Vom Bodydrag zu unterscheiden ist schliesslich, wenn Kitesurfer*innen ihre Drachensegel an Land lenken. Dann handelt es sich definitionsgemäss um einen Drachen unter Anwendung des Luftfahrtgesetzes (siehe vorstehend Rz. 9). Nichtsdestotrotz verliert ein Segelschiff nicht seine Qualifikation, nur weil es an Land auf einem Anhänger steht; so auch das Drachensegelbrett. Meines Erachtens ist das Urteil des Berzirkgerichts la Broye so zu verstehen, dass der zu Fuss «gehende» Kitesurfer nicht dem Schifffahrtsverbot untersteht, weil er sich nicht auf den Gewässern bewegt, wo auch Vortrittsregeln gelten. Nichtsdestotrotz untersteht er weiterhin den Binnenschifffahrtsregelungen. Denn ein Drachensegelbrett darf grundsätzlich nur eingewassert werden, wenn der Halter eine Versicherung abgeschlossen hat (Art. 31 Abs. 1 BSG und Art. 153 Abs. 1 BSV), dies unabhängig davon ob er auf dem Brett steht, sich durch das Wasser ziehen lässt (Bodydrag) oder sich zu Fuss mit dem Brett unter dem Arm zum Ufer bewegt.
3. Fazit
Auch wenn das erstinstanzliche Urteil des Bezirkgerichts la Broye die rechtliche Qualifikation von Bodydrag nicht vorangetrieben hat, so wurde festgelegt, dass Kitesurfer*innen, die sich mit ihrem Brett unter dem Arm zu Fuss fortbewegen, nicht gegen das Schifffahrtsverbot verstossen. Doch entsprechend weiterführenden Überlegungen verlieren Kitesurfer*innen ihre Qualifikation als Segelschiff nicht und unterstehen durch das Haftpflichtobligatorium weiterhin den Binnenschifffahrtsregelungen. Lassen sich Kitesurfer*innen mit ihren Brettern unter dem Arm durch das Wasser ziehen (Bodydrag), so sind sie – wie auch das Drachensegelbrett – den Binnenschifffahrtsregelungen unterstellt und müssen sich an Verbote und Vortrittsregeln halten. Demzufolge muss Bodydrag als Kitesurfen qualifiziert werden und kann nicht dazu genutzt werden, die Gemeinderegelungen über Einwasserungs- und Anlegezonen zu umgehen.

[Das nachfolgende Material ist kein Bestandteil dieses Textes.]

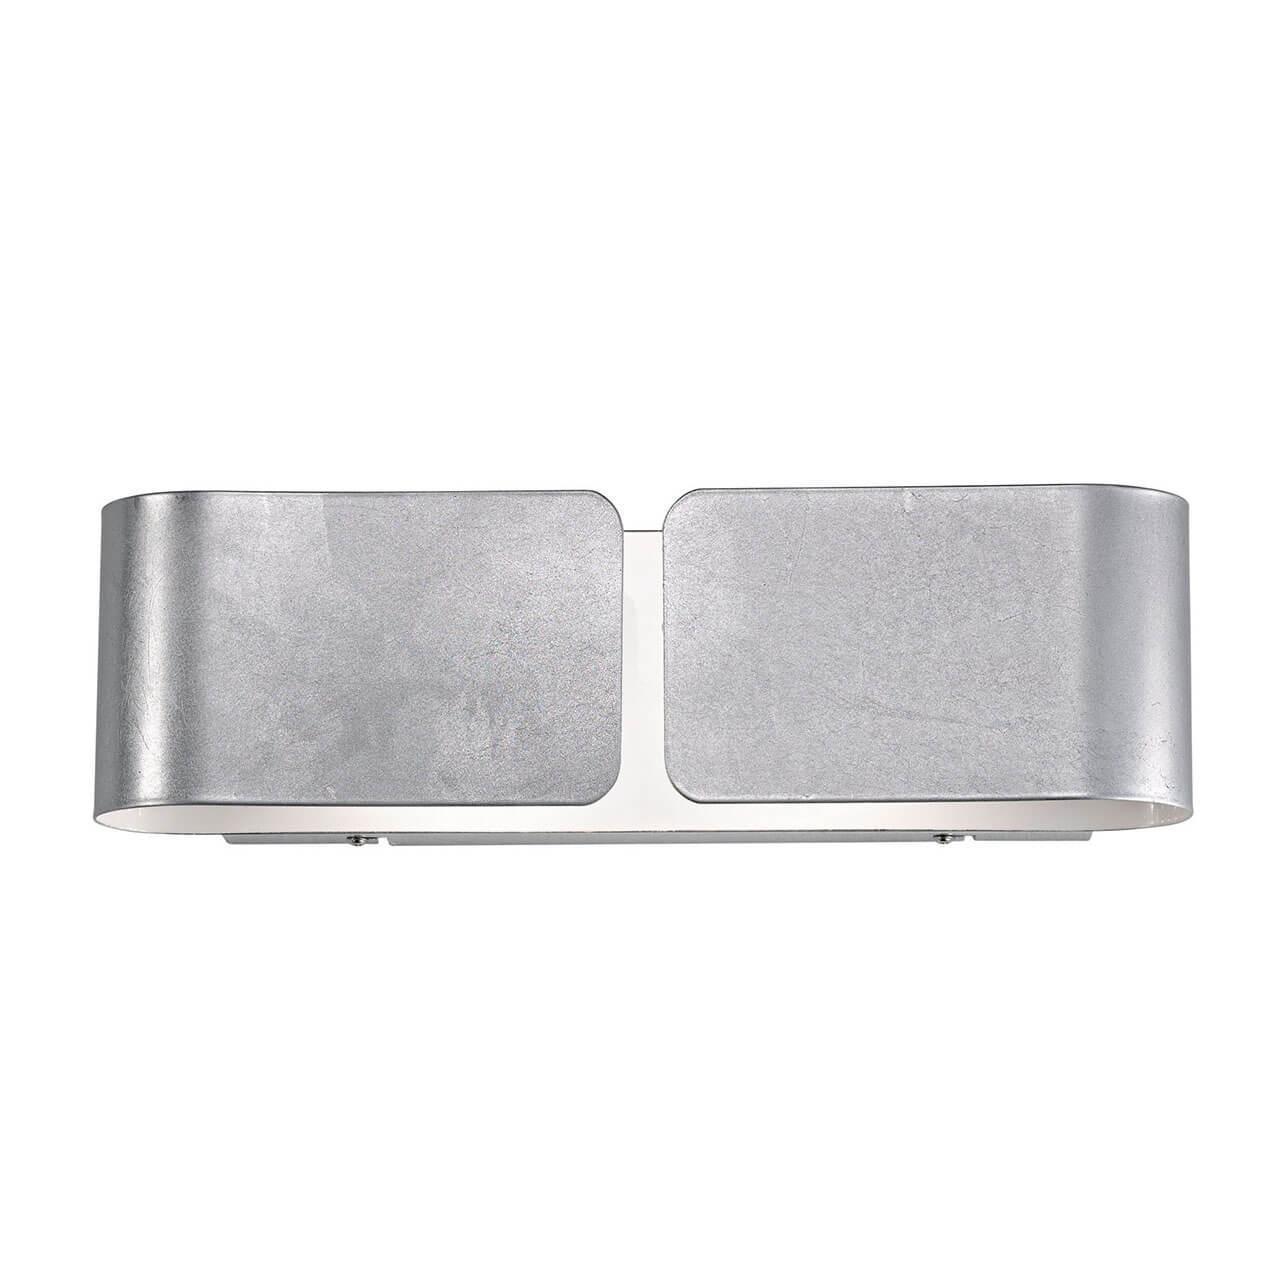 Фото - Настенный светильник Ideal Lux Clip AP2 Mini Argento, G9, 40 Вт потолочный светильник ideal lux pl6 g9 max 6 x 40w g9 вт

B. Ungleichbehandlung gegenüber anderen Wassersportarten
Das Interesse an Trendsportarten wie Kitesurfen, Wingfoilen oder Bugeesurfen (Wyss/Märki, Wassersportkommentar, Rz. [coming soon]) steigt ungebrochen, und obwohl die diesbezüglichen Sicherheitsnormen fortlaufend angeglichen werden, hinken einige der Entwicklung nach. Ziel der Motion «Gleichstellung des Kitesurfens mit anderen Wassersportarten» (Curia Vista, Gesch.-Nr. 12.3496) war es auch, das Kitesurfen auf den Schweizer Gewässern den übrigen Wassersportarten gleichzustellen (AS 2014 261 und Erläuternder Bericht, S. 5; BBl 2015 3158 ff., 3158). Im Rahmen der Revision der BSV vom 15. Januar 2014 wurde bereits das allgemeine Kite-Verbot auf Schweizer Gewässern aufgehoben. Doch das Versprechen, die Drachensegelbretter den anderen Wassersportarten gleichzustellen, wurde u.a. in Sachen Versicherungsobligatorium (Art. 153 Abs. 2bis BSV) sowie Ausübung der Sportart in Schutzgebieten (Art. 5 Abs. 1 lit. g i.V.m. Art. 2 Abs. 2 WZVV) nicht eingehalten.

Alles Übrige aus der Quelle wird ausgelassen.